В коридоре тоже хорошо сифонило.

Спустя час, перетаскав в номер сумки, разложив детскую кроватку и выпив один за другим три стакана чая, Данилов признал, что в «Сокольнической пуще» вполне можно провести пару дней. Главное, что тепло и ниоткуда не дует. Ну, пыльновато по углам, так дочь Маша пока еще не ползает по полу, ну, раковина и ванная в ржавых потеках, но видно, что чистые. Ванна, кстати говоря, оказалась не гидромассажной, а самой обычной. Обещанного кондиционера нет в номере? А кому, спрашивается, он нужен зимой?

Словно насмехаясь над Даниловым, в половине пятого, прямо перед выходом на большую прогулку, из кранов перестала течь вода. Как холодная, так и горячая. Хорошо еще, что все дела были уже сделаны — домывалась последняя чашка.

— С шестнадцати тридцати до девятнадцати у нас плановое отключение водоснабжения, — сообщила толстуха-администратор. — По приказу главного врача.

— Зачем? — хором удивились Данилов и Елена.

— В целях экономии. Вы разве не знаете, что воду нужно экономить?

— Знаем, — кивнул Данилов, — но…

— Никаких «но», — строго сказала администратор. — Экономить так экономить. Тем более что в это время все или спят, или гуляют.

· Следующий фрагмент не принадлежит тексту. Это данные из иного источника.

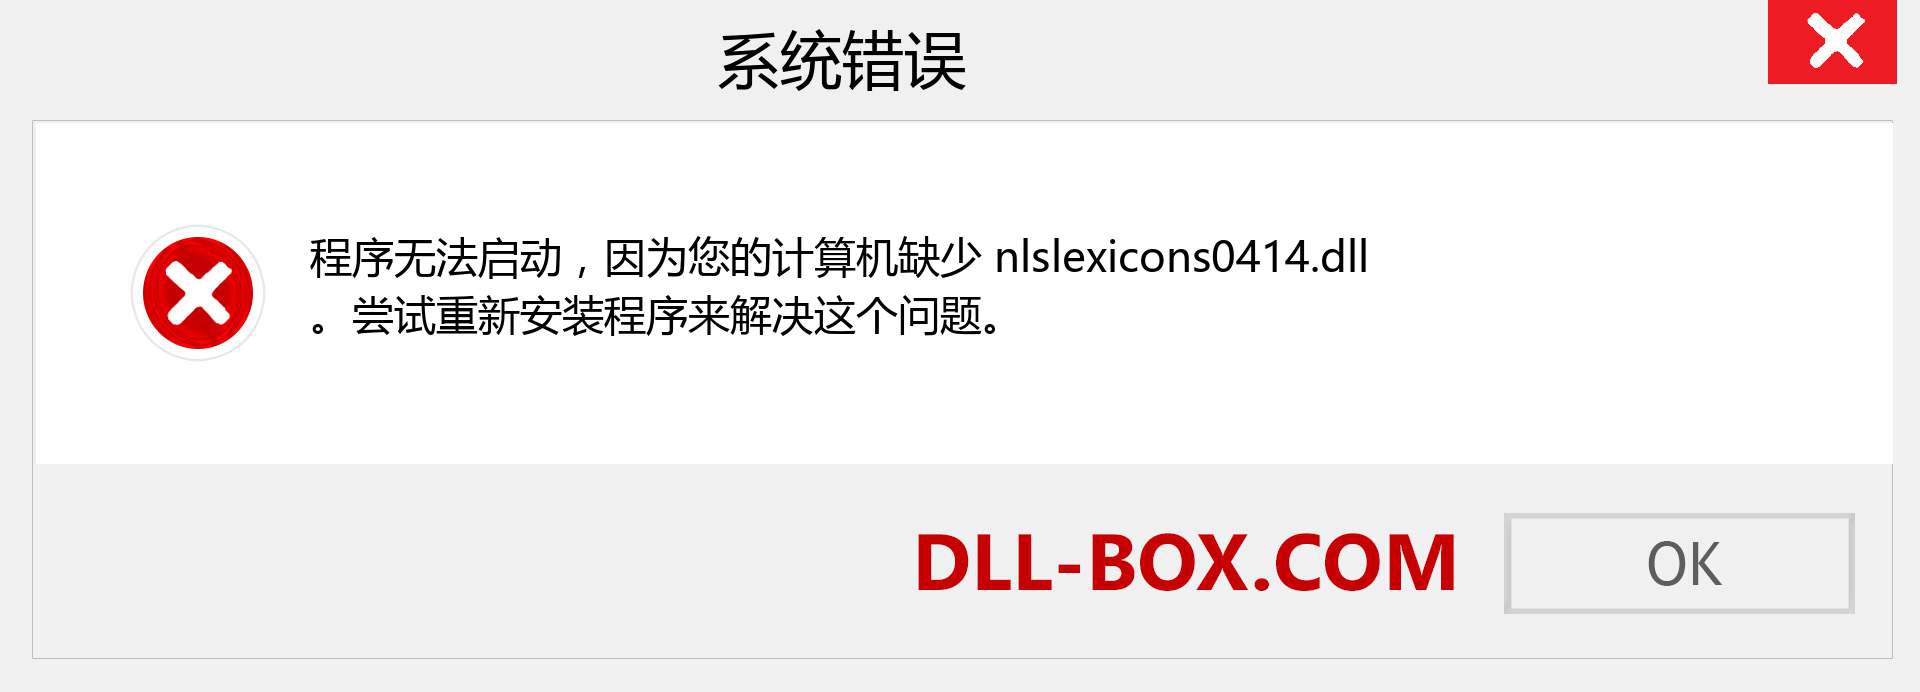 nlslexicons0414.dll 文件丢失？。 适用于 Windows 7、8、10 的下载 - 修复 Windows、照片、图像上的 nlslexicons0414 dll 丢失错误
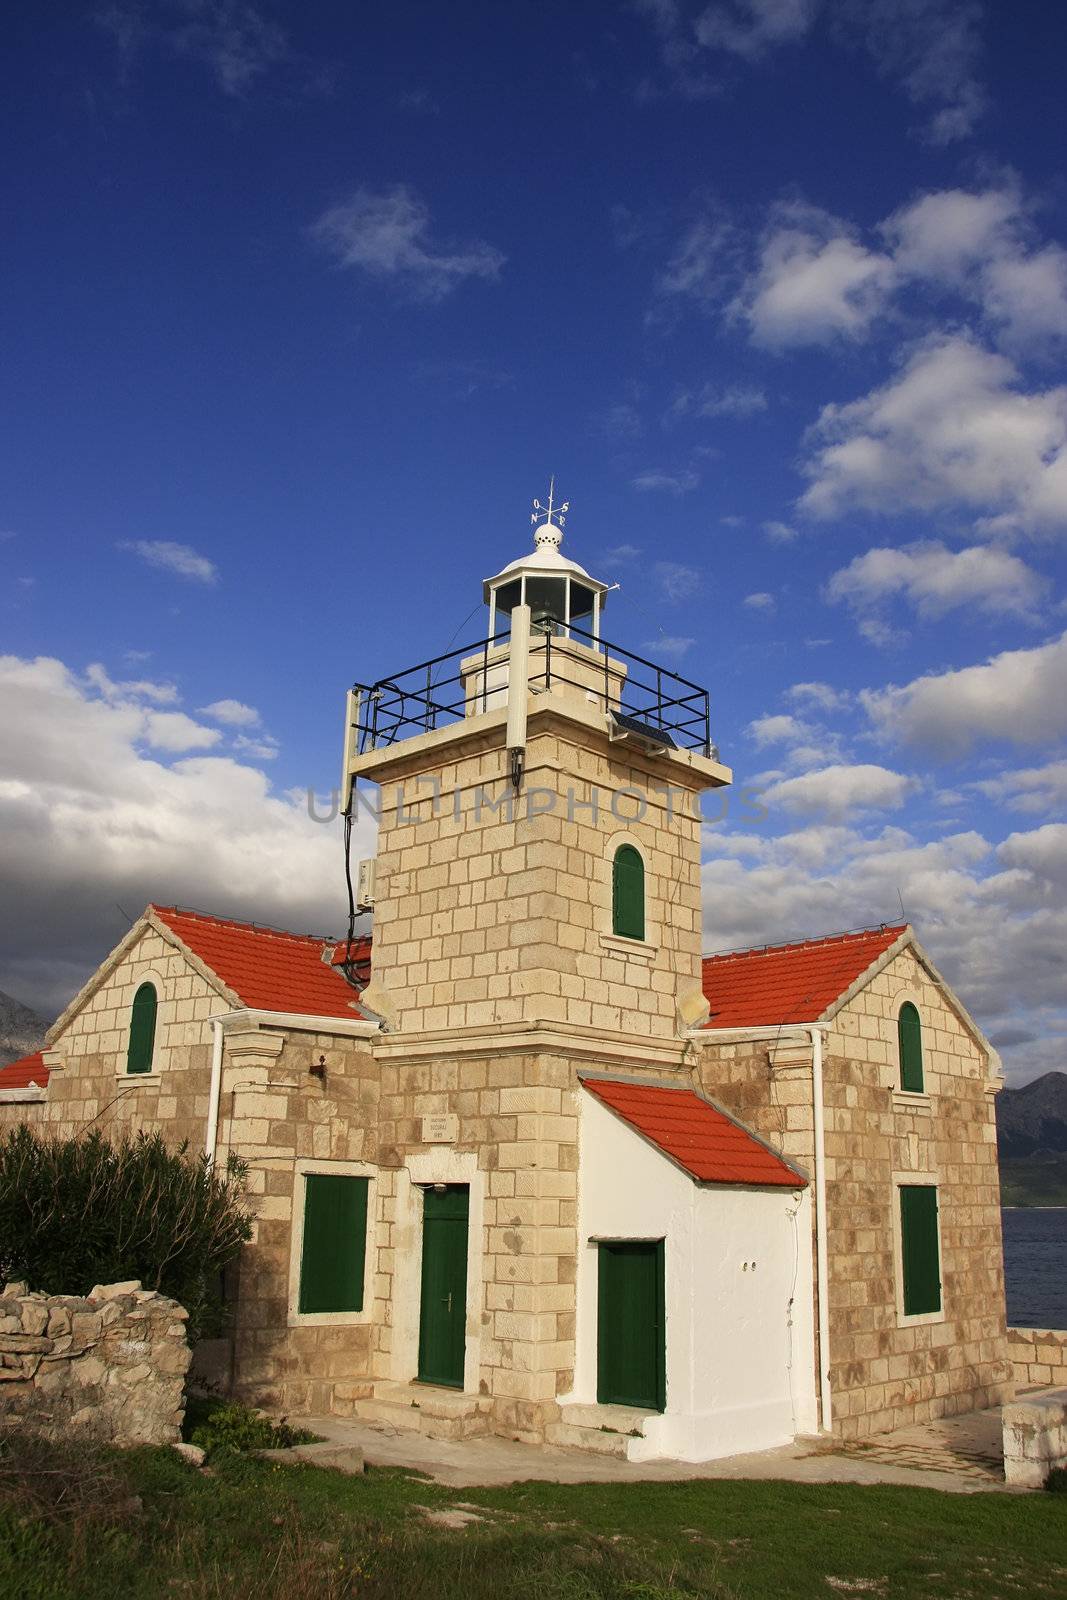 Lighthouse on Hvar island, Croatia by donya_nedomam

— А если срочная необходимость? — не сдавался Данилов. — Бывают же у людей потребности в воде…

— В туалете возле ресторана воду не отключают. Со срочными потребностями можно туда…

— Мы как раз идем гулять! — бодро сказала Елена. — И как раз до семи часов!

— Вот и хорошо, — одобрила администратор. — А билеты на праздник вы брать не будете? Ах, да, у вас же маленькая…

И принялась увлеченно строить Маше глазки. Дочь, сидевшая на руках у матери, благодарно улыбалась: она любила, когда на нее обращали внимание.

— А можно узнать, что подразумевается под камерной программой? — спросил Данилов.

— Ну, это типа «Голубого огонька», если вы в курсе, о чем идет речь, — туманно ответила администратор. — Ведущая — заслуженная актриса России Алена Малинина.

Не увидев восхищения на лицах собеседников, администратор пояснила:

— Та самая, которая в «Черном петухе» Настю играла, а в «Мосводоканале» — маму убитого мальчика.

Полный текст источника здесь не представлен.